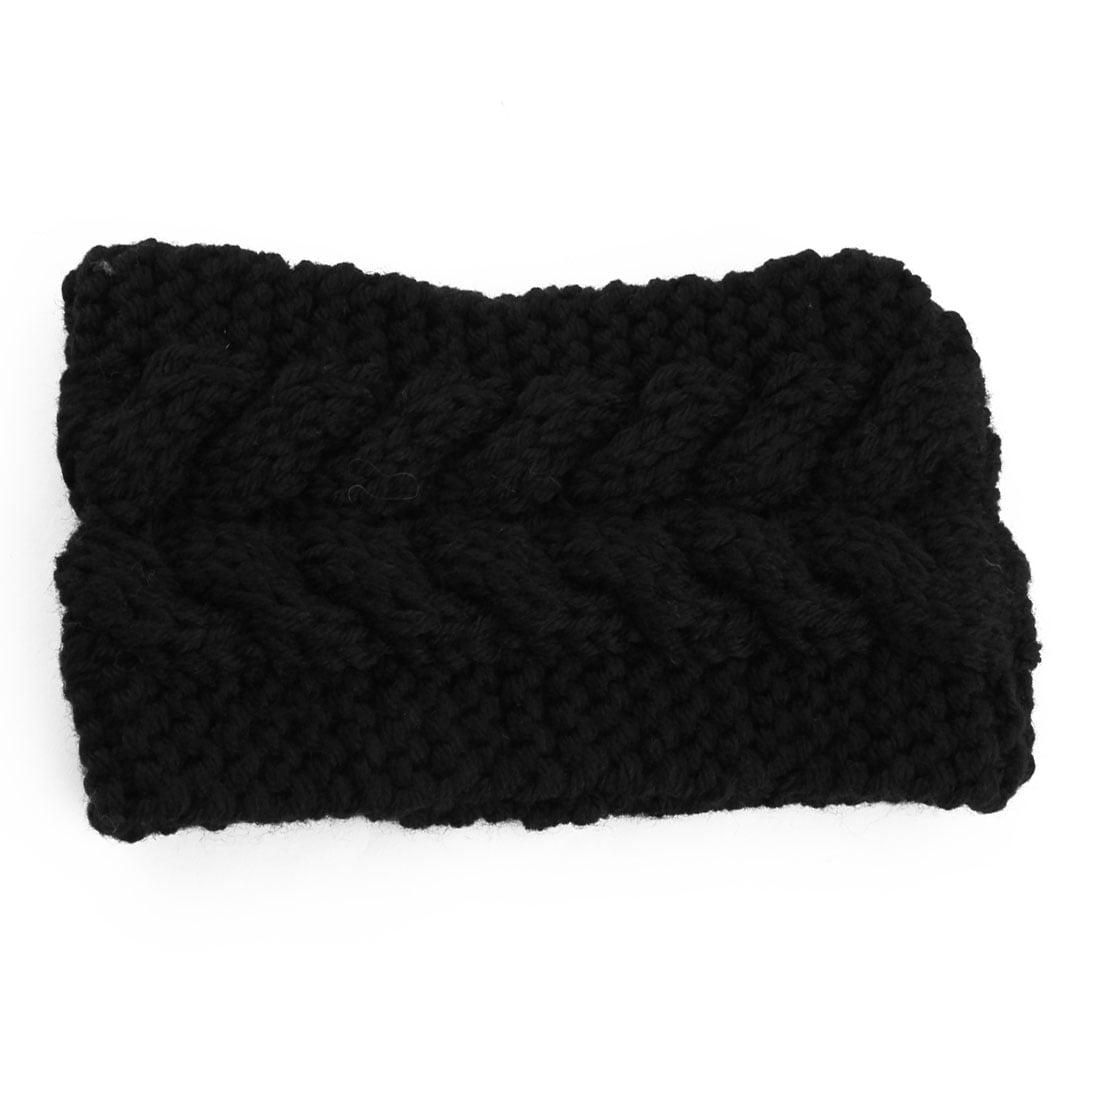 Woman Nylon Twist Braided knitted Head Wrap Hair Band Sports Ski Headband Black
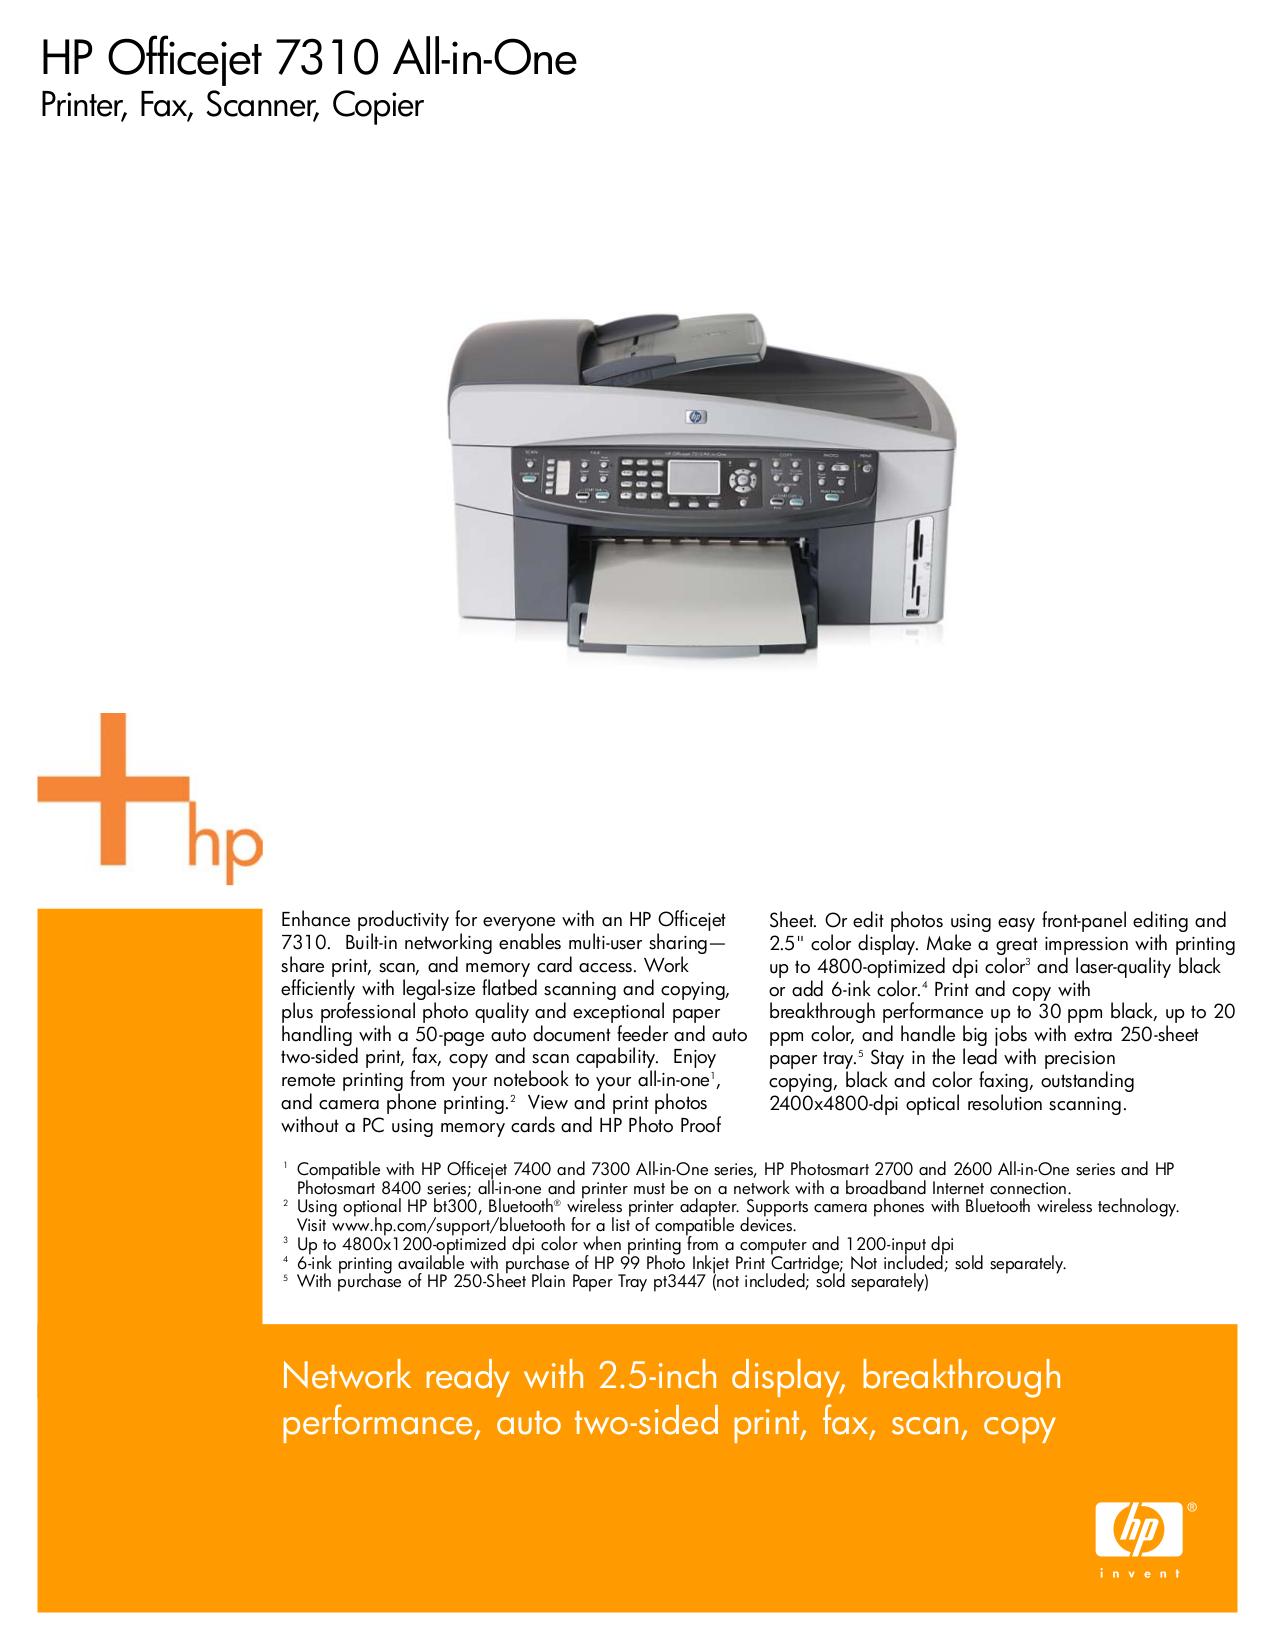 pdf for HP Printer Photosmart 7400 manual
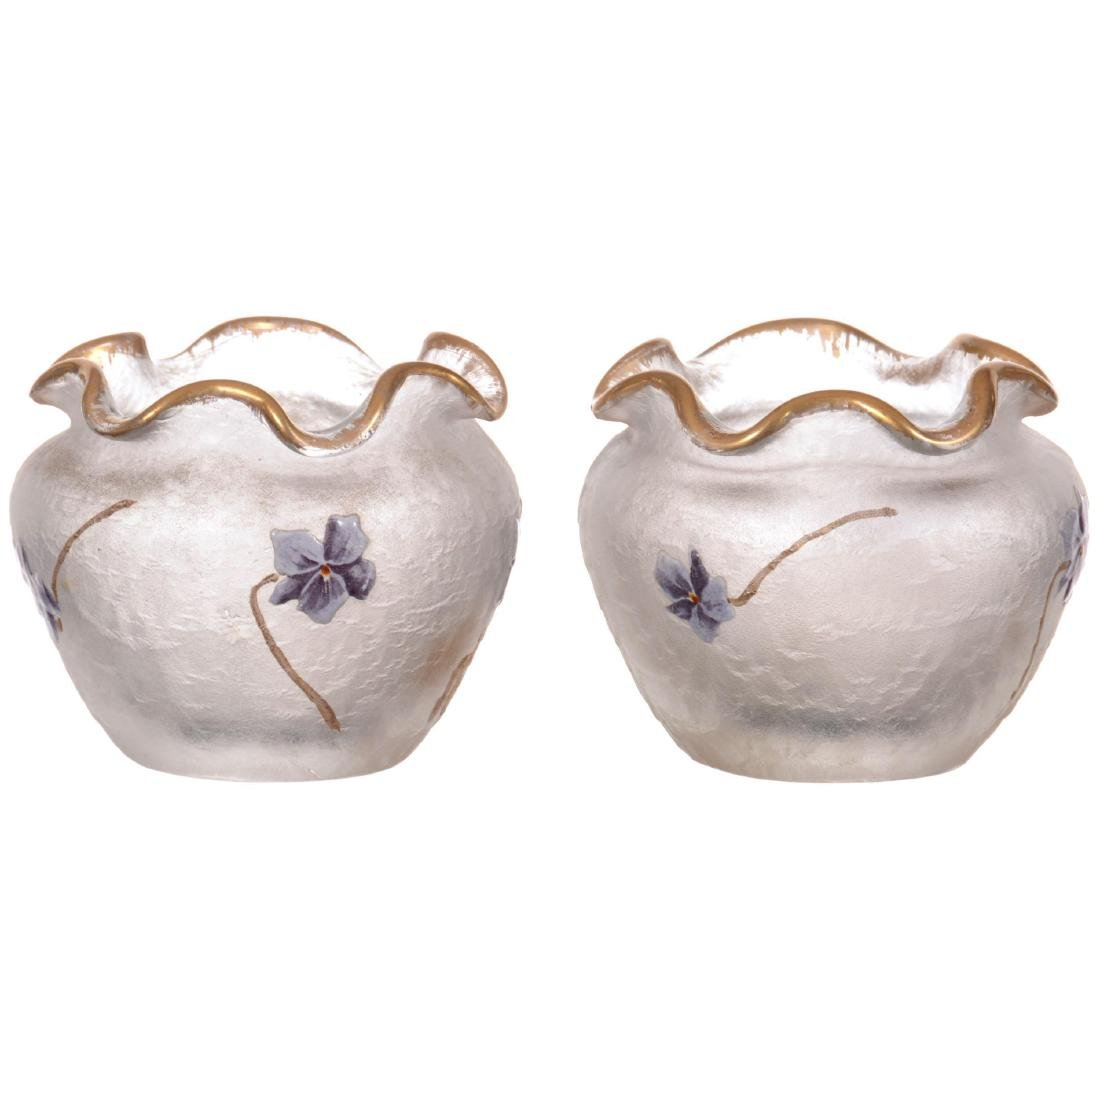 Pair Unmarked Mt. Joye Small Art Glass Vases

::::::

## Task statement
Please retype all of the material exactly, skipping whatever images it holds.

## Answer for this exercise
 Woman Nylon Twist Braided knitted Head Wrap Hair Band Sports Ski Headband Black
 pdf for HP Printer Photosmart 7400 manual
 Pair Unmarked Mt. Joye Small Art Glass Vases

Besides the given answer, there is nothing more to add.